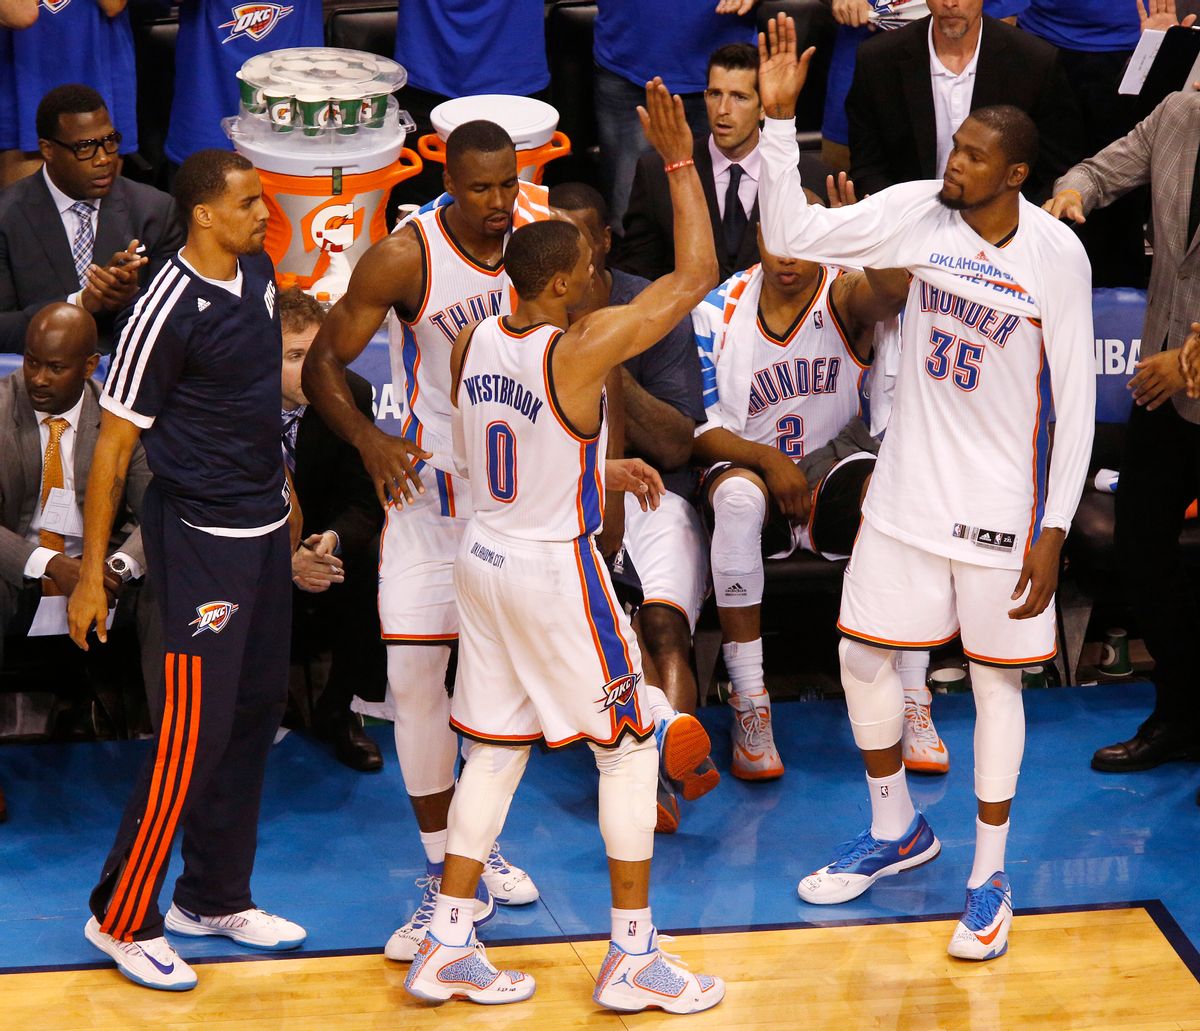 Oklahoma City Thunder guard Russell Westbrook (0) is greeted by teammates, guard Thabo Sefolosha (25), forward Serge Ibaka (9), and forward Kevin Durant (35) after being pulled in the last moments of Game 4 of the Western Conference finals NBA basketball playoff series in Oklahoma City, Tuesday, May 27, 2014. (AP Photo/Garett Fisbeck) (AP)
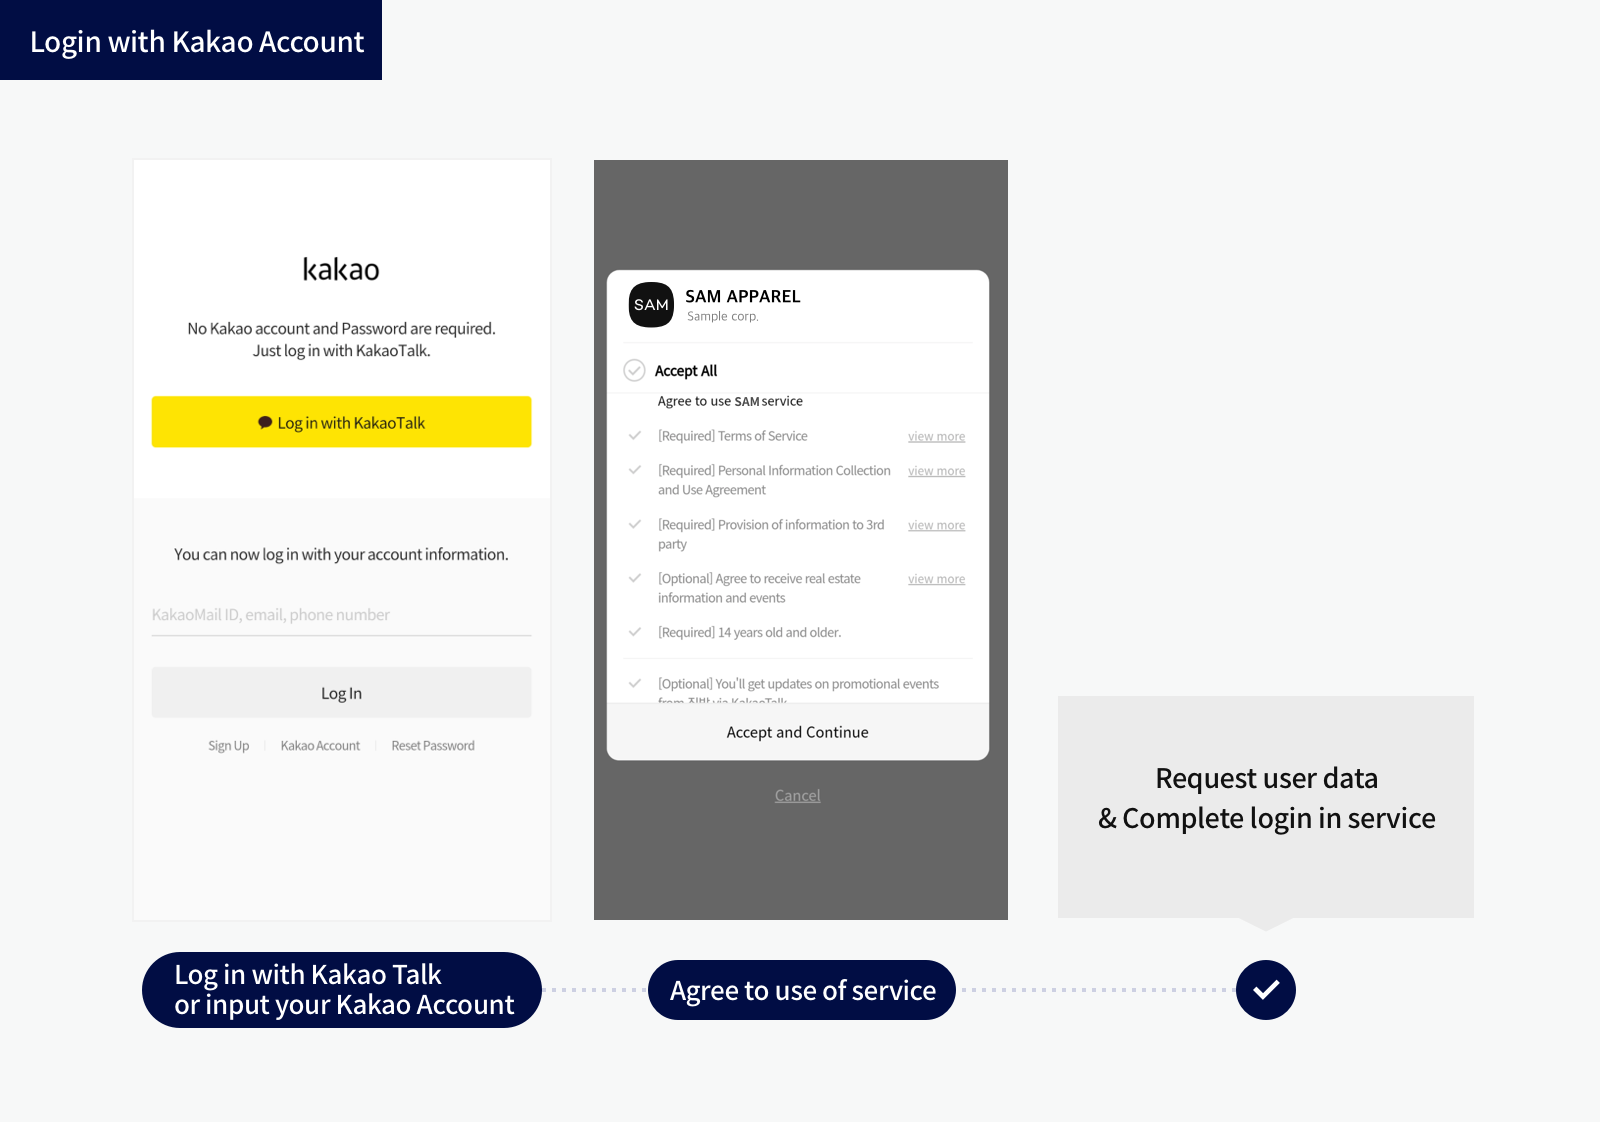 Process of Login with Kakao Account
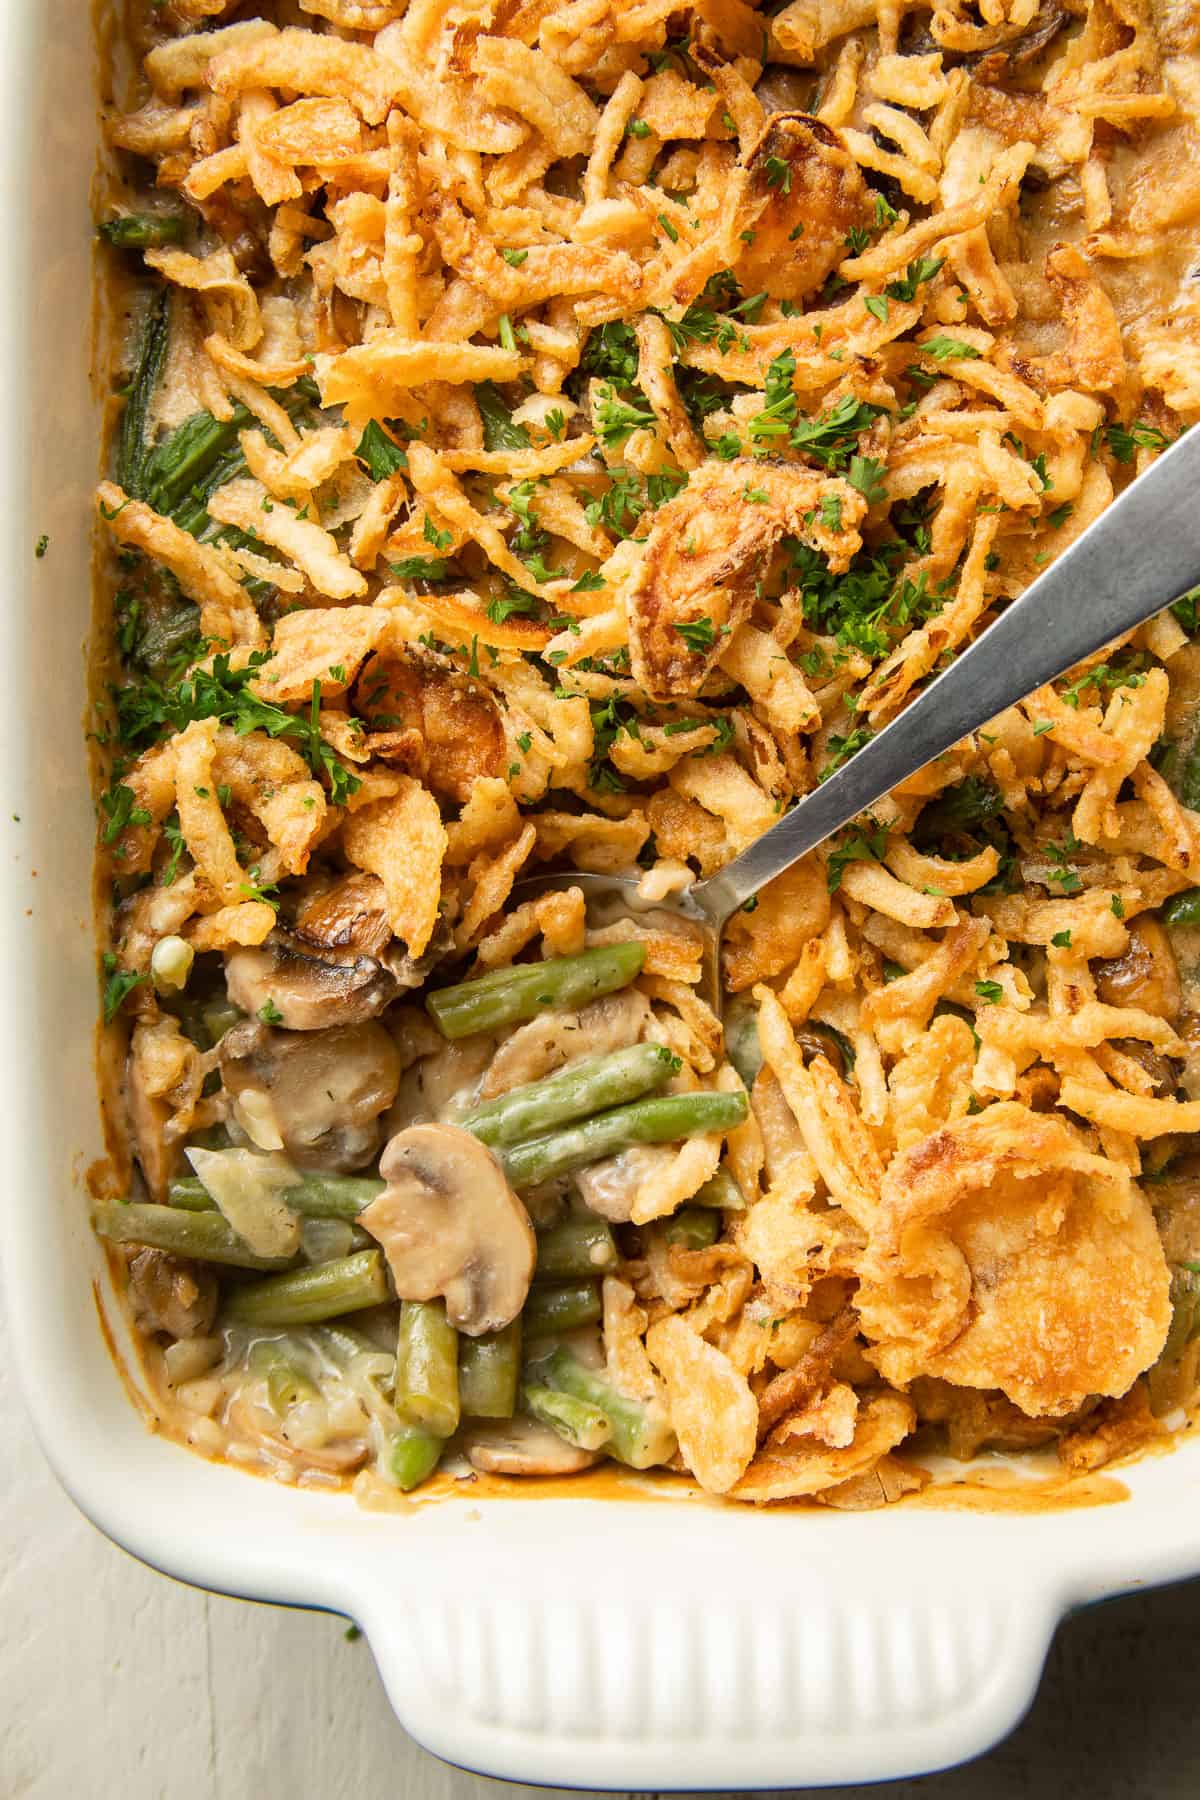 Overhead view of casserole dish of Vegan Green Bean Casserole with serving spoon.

- PROBLEM DESCRIPTION: Where an image appears in the data, skip it, and return the rest verbatim.

- SOLUTION:
 Oklahoma City Thunder guard Russell Westbrook (0) is greeted by teammates, guard Thabo Sefolosha (25), forward Serge Ibaka (9), and forward Kevin Durant (35) after being pulled in the last moments of Game 4 of the Western Conference finals NBA basketball playoff series in Oklahoma City, Tuesday, May 27, 2014. (AP Photo/Garett Fisbeck) (AP)
 Process of Login with Kakao Account
 Overhead view of casserole dish of Vegan Green Bean Casserole with serving spoon.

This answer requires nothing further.